Supplied information:
^^^^^^^^
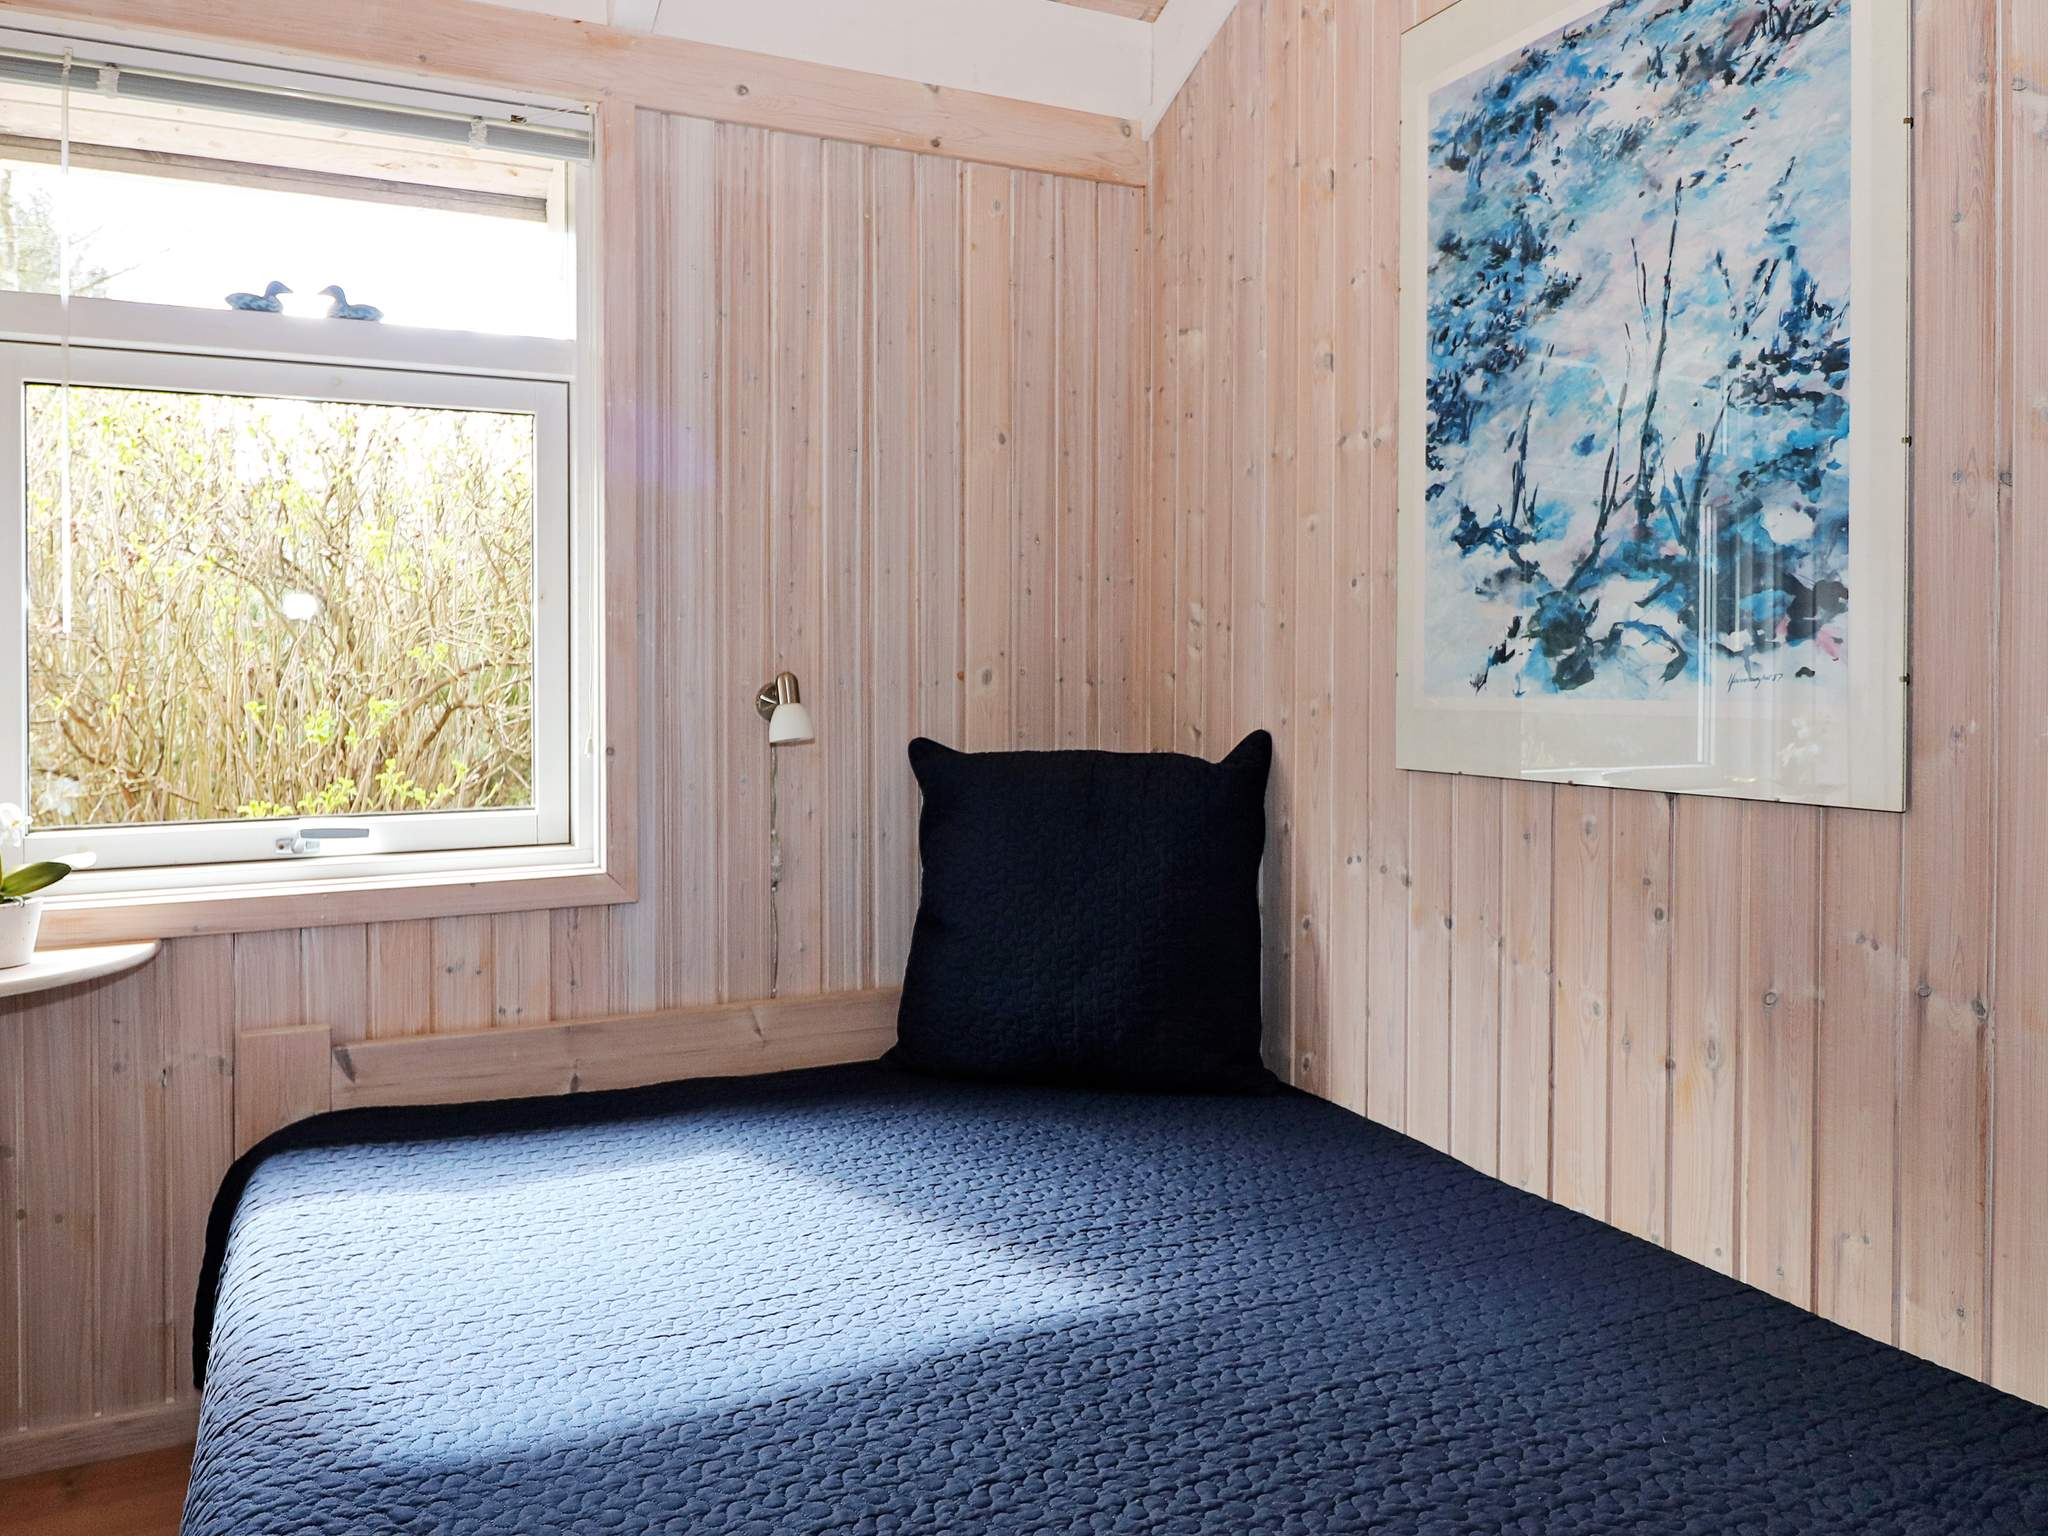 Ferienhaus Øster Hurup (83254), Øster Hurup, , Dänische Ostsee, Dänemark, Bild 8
^^^^^^^^
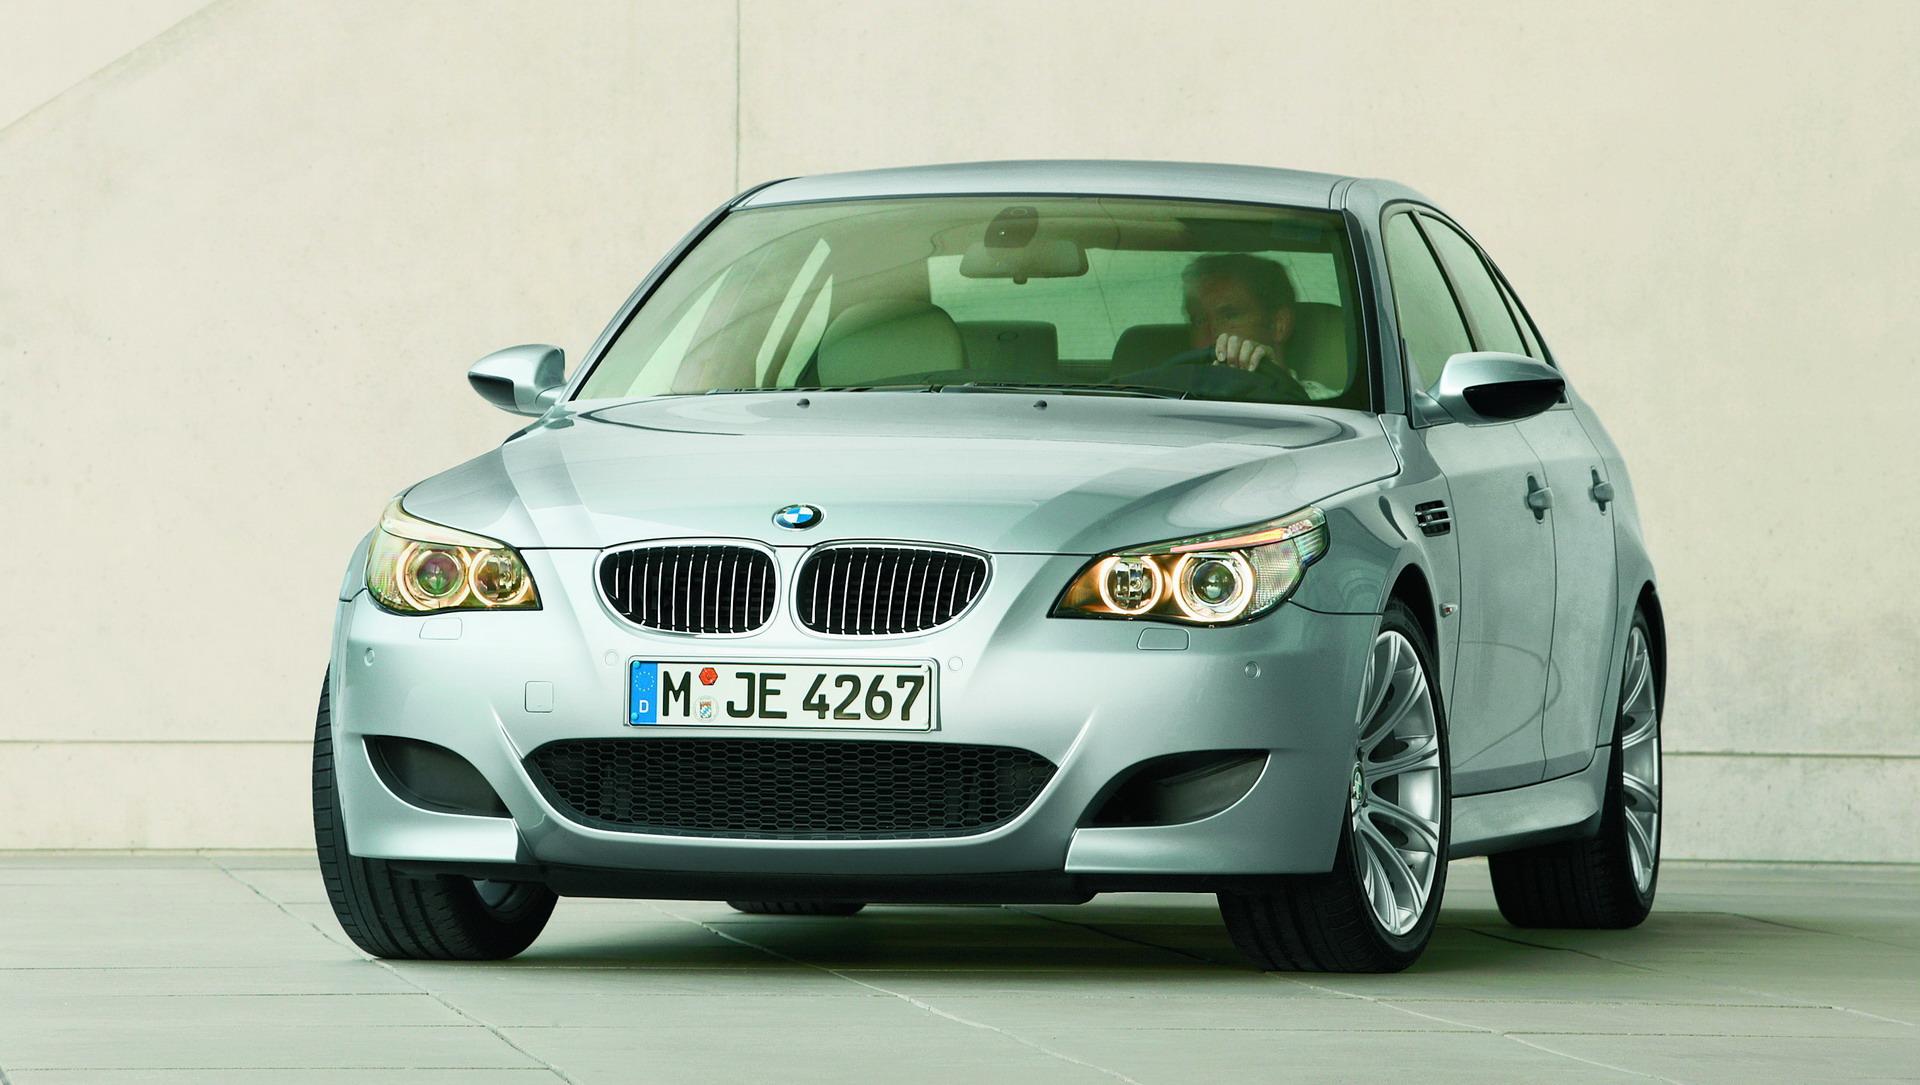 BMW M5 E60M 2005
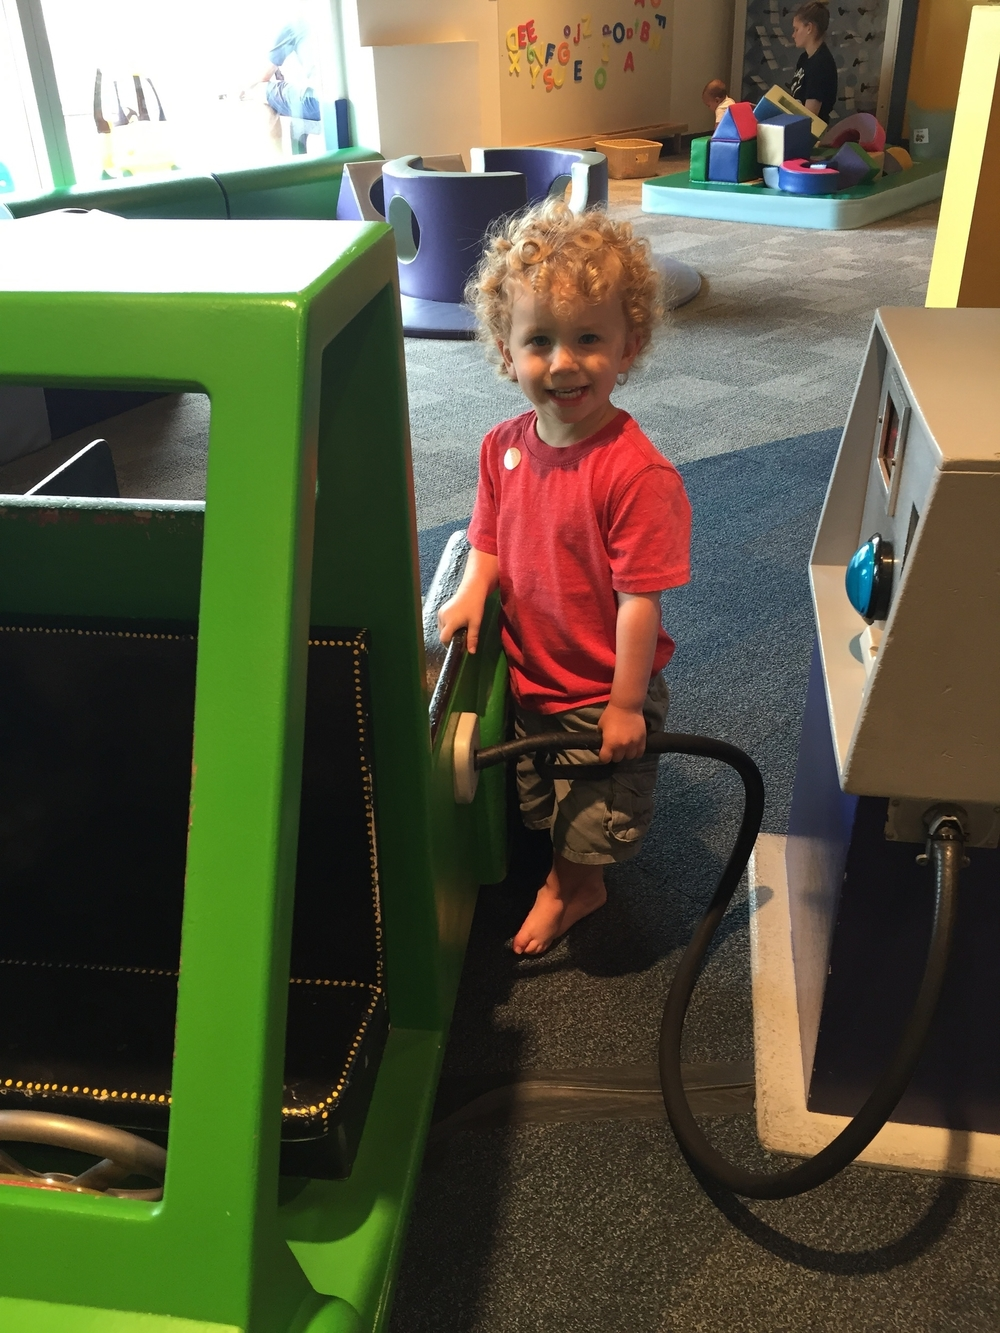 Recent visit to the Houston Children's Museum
^^^^^^^^
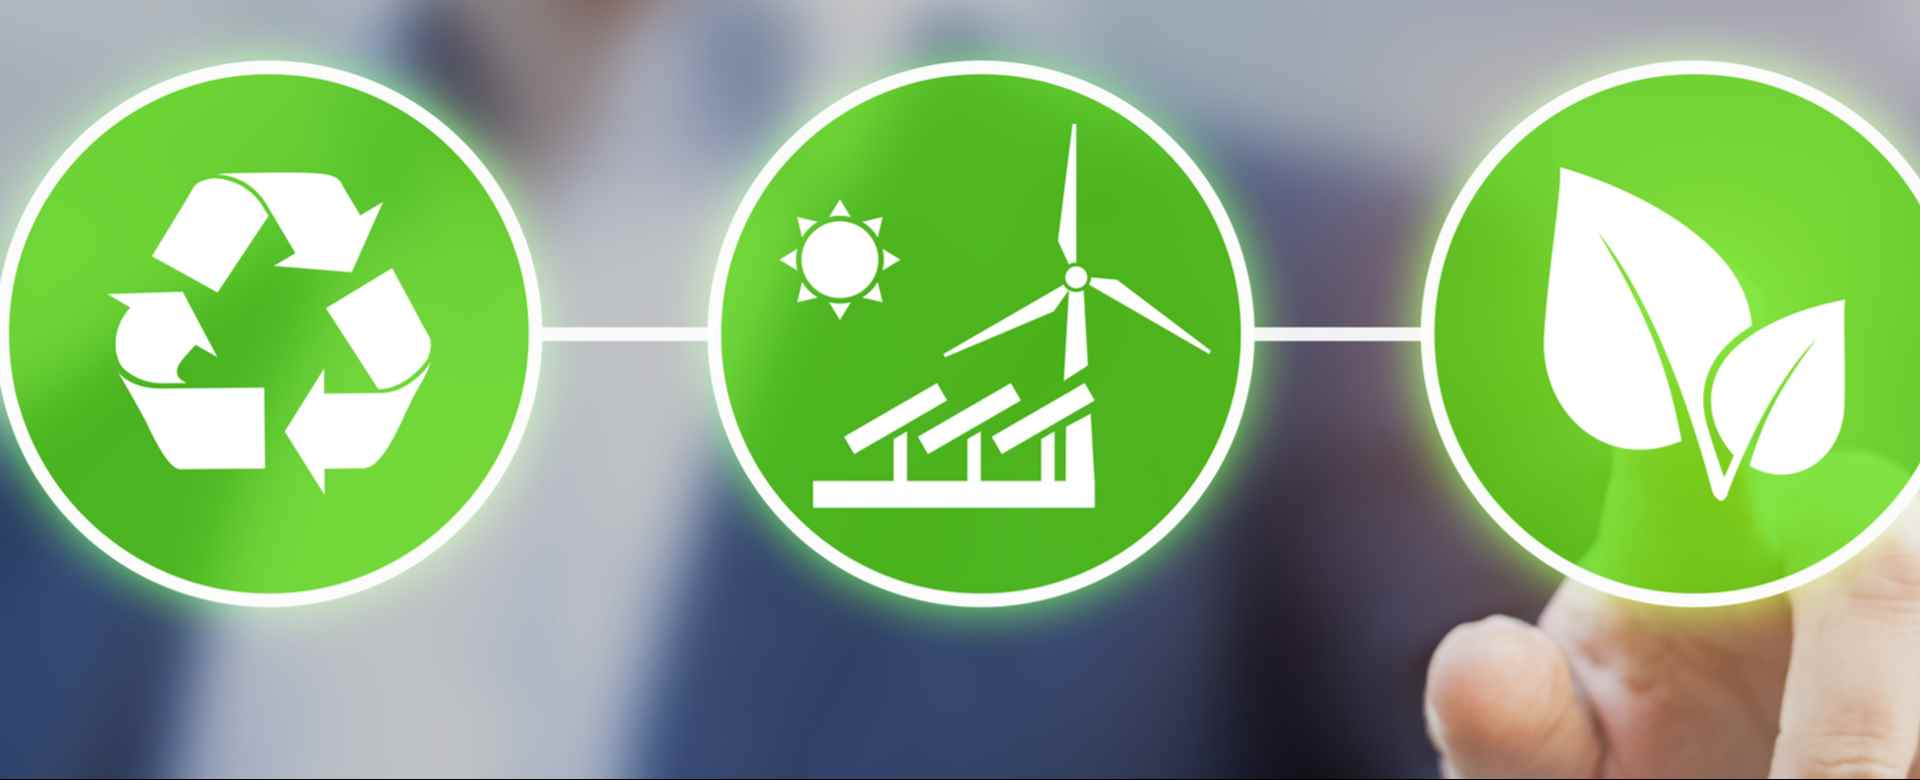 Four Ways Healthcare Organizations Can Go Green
^^^^^^^^
Task description: Copy the lines above between the one holding "BMW M5 E60M 2005" and the one holding "Recent visit to", inclusive. Drop the pictures.

Answer space:
 BMW M5 E60M 2005
 Recent visit to the Houston Children's Museum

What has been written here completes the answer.